If the change evolved with the signal like most tracking signal problems do, then you have scenarios such as:
In this case, the velocity went from 0.4 to -0.4 in the middle of the test. The abrupt change in velocity was smoothed based on the noise value used. If we reduced the Qv value to say 0.001 from 0.01 in the above graph the filter would rely on velocity too much:
Example of tracking a parabola with a 2nd order Kalman filter:
Note the top right is the path, top left is the error showing measurement error and the Kalman filter error from the ideal. The Gain plot is the magnitude of the determinant of the Kalman gain matrix (which isn’t a single value).
Conclusion
This is meant to just be an introduction, a jumping off spot for someone kind
of new to Kalman filtering.
On the job, I've developed Kalman filters for image object tracking, missile guidance filters, uplink telemetry timing filters, GPS tracking and navigation filters. Some were small (2-4 state) some large (13) some very large (23). Some took days, others weeks. The most effective and reliable were always small.

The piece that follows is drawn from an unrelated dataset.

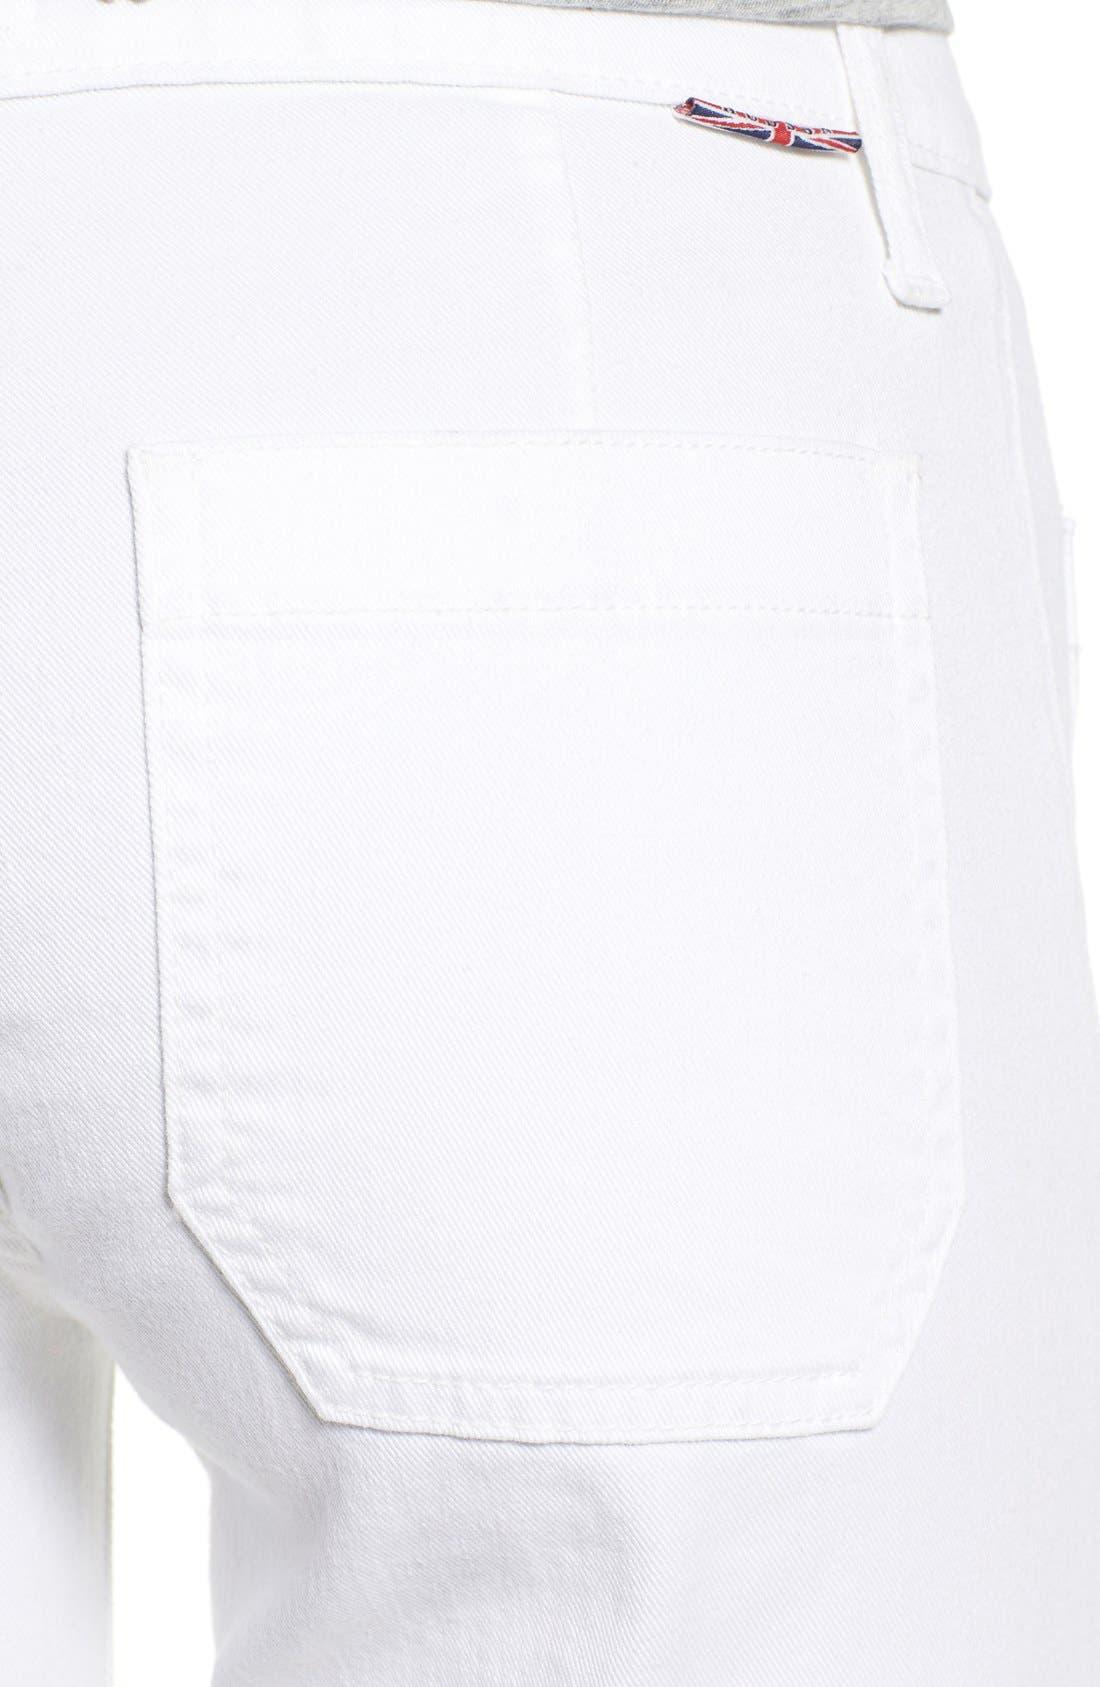 'Libby' Wide Leg Sailor Jeans,                             Alternate thumbnail 4, color,                             White2

Usually it isn't easy. Especially if you have three or more states. By far the most common mistake is making them too big and never quite finding out what's wrong. Figuring out the cross interactions is a science, but it's often good to be deliberately a little more or less
aggressive in how it smooths or how quickly it adapts, so... doing that for 20 seemingly unrelated things is tuning 20*20 often non-linear things, by hand.
Kalman filters always work best when they are kept as basic as possible.